La hausse historique du prix de l'or au début de l'année, suivie d'une période de fortes fluctuations et de la plus profonde correction depuis des décennies, n'a pas diminué la tendance des banques centrales à continuer d'augmenter leurs réserves d'or, selon une nouvelle enquête menée auprès des banques centrales qui gèrent un total de plus de 9 500 milliards de dollars de réserves.
Une enquête menée auprès de 101 banques centrales montre que 72,6% investissent dans l'or, contre 69,4% l'année précédente. Parmi celles-ci, 15 banques centrales, soit 15,8%, ont déclaré qu'elles achetaient de l'or, et trois autres banques centrales prévoient d'augmenter leurs réserves d'or au cours des 5 à 10 prochaines années.

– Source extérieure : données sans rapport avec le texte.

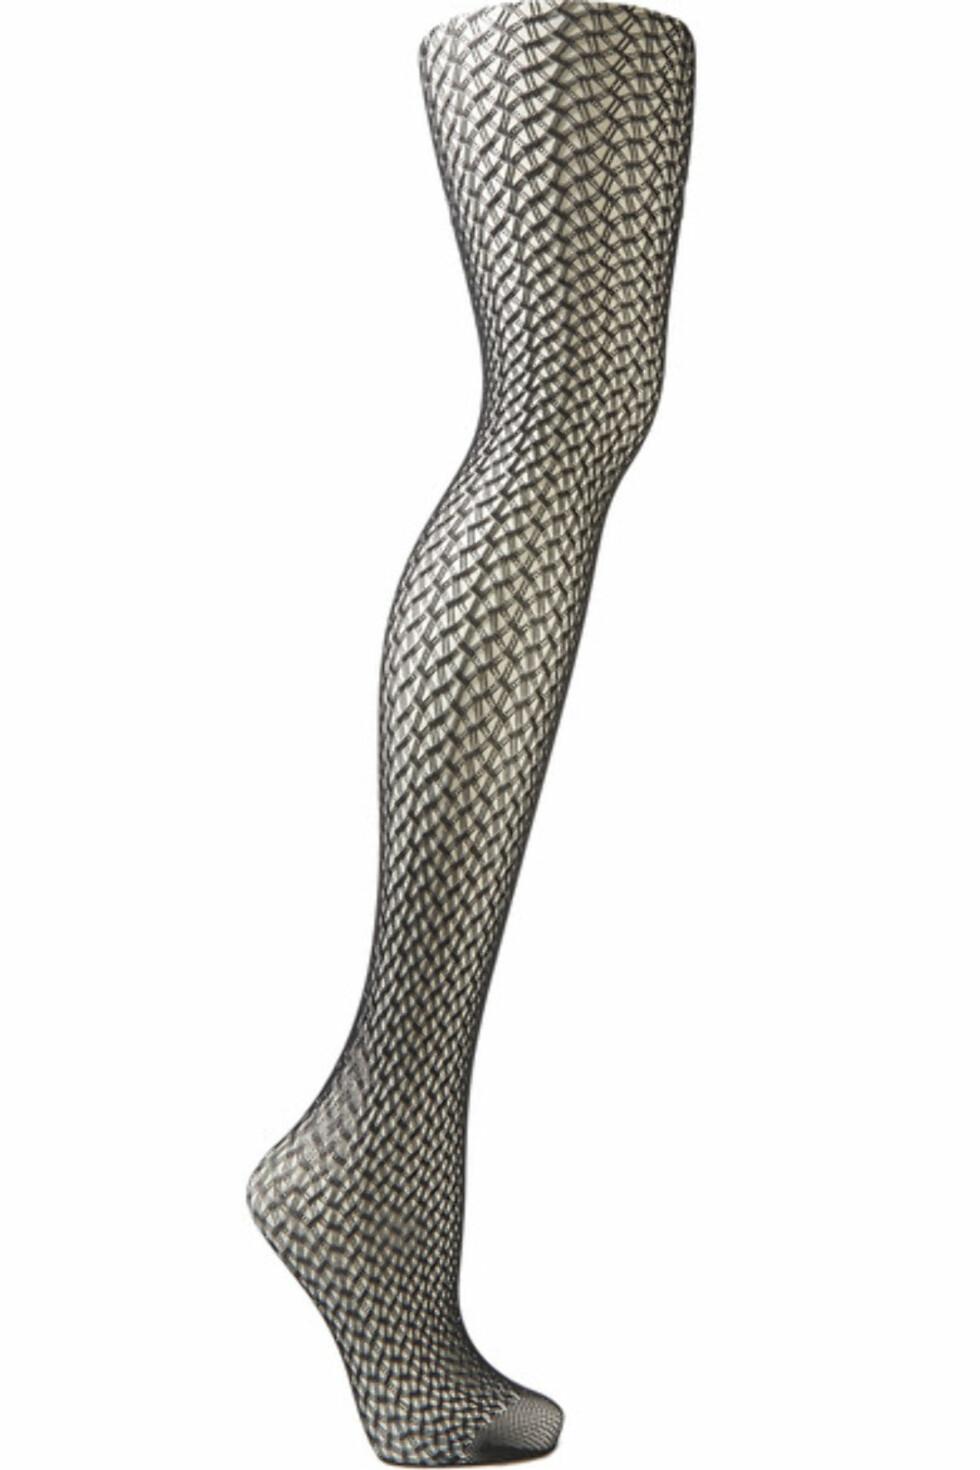 Strømpebukse fra Wolford via Net-a-porter.com | kr 500 | https://www.net-a-porter.com/no/en/product/743916/wolford/nele-geometric-net-tights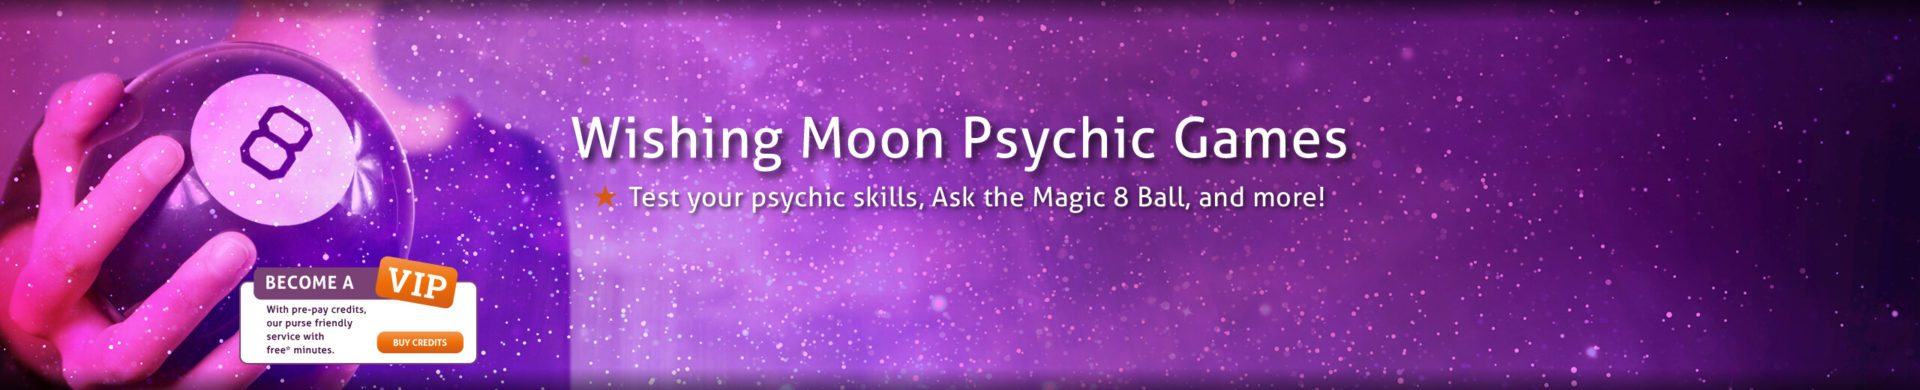 psychic games

Inversement, seules 8 banques centrales, soit 8,4%, ont déclaré ne pas s'intéresser à l'investissement dans ce métal précieux.
Dans le groupe des 60 banques centrales qui ont émis des prévisions, le prix moyen de l'or devrait être d'environ 5 354 dollars l'once d'ici la fin de 2026.
L'enquête a également enregistré un intérêt modeste pour l'argent. Seules 2 banques centrales possèdent de l'argent, 3 banques envisagent d'investir et 4 banques ont déclaré qu'elles pourraient envisager d'investir dans les 5 à 10 prochaines années.
La tendance à la diversification vers l'or se produit dans un contexte où les banques centrales mondiales considèrent l'instabilité géopolitique comme le plus grand risque économique de cette année. Jusqu'à 69,7% des unités participant à l'enquête estiment que les tensions géopolitiques sont la principale préoccupation.
L'enquête a été lancée en janvier et achevée le 6 mars, dans un contexte d'escalade continue du conflit entre les États-Unis et Israël avec l'Iran.
Un responsable des réserves de la banque centrale du Moyen-Orient a déclaré que les conflits géopolitiques sont et continueront d'être un risque majeur, en raison de l'impact sur le commerce, les flux de capitaux, les prix des matières premières et la corrélation entre les marchés financiers.
Bien que la situation au Moyen-Orient ait fait augmenter à nouveau la demande de détention du dollar américain alors que les investisseurs recherchent des actifs très liquides, l'enquête montre que le rôle du dollar américain en tant que monnaie de réserve mondiale est remis en question.
Environ 80% des banques centrales participant à l'enquête conviennent toujours que le dollar américain est un actif refuge sûr, mais près de 16% restent neutres et 4% ne pensent pas que cette monnaie continuera de jouer un rôle de premier plan dans le système de réserves mondiales.
Un gestionnaire des réserves dans la région Asie-Pacifique a déclaré qu'au cours des 5 prochaines années, les banques centrales réévalueraient le rôle de l'USD dans un contexte mondial de plus en plus fragmenté.
Le rapport cite également l'avis d'un expert européen selon lequel la baisse de confiance dans la politique américaine affecte la position du dollar américain.
Selon M. Bernard Altschuler - responsable de la banque centrale mondiale chez HSBC, les risques géopolitiques stimulent le processus de diversification des portefeuilles de réserves, tant en termes d'actifs, de partenaires et de lieux de détention. Cependant, le dollar américain reste la principale monnaie de réserve, avec 78% des participants estimant que le processus de réduction de la dépendance au dollar américain se déroulera progressivement. Environ 39% des banques centrales envisagent d'augmenter la part de l'or l'année prochaine, tandis que 37% devraient être plus proactifs dans la gestion des réserves d'or en raison de la hausse des prix et des fluctuations.
Bien qu'il y ait une tendance à la diversification, les banques centrales ne sont actuellement pas intéressées par la monnaie numérique. Aucune banque de l'enquête n'a déclaré avoir investi dans la monnaie numérique, mais environ 7% envisagent d'investir dans des monnaies stables au cours des 5 à 10 prochaines années, et un petit nombre envisage également d'autres types de monnaies numériques.
L'enquête montre également que plus de la moitié des banques centrales ne soutiennent pas la création de fonds de réserve stratégiques en bitcoins.
Alors que l'instabilité géopolitique reste le plus grand risque cette année, les banques centrales estiment que l'inflation et les taux d'intérêt seront les facteurs les plus importants qui affecteront la gestion des réserves au cours des 5 prochaines années.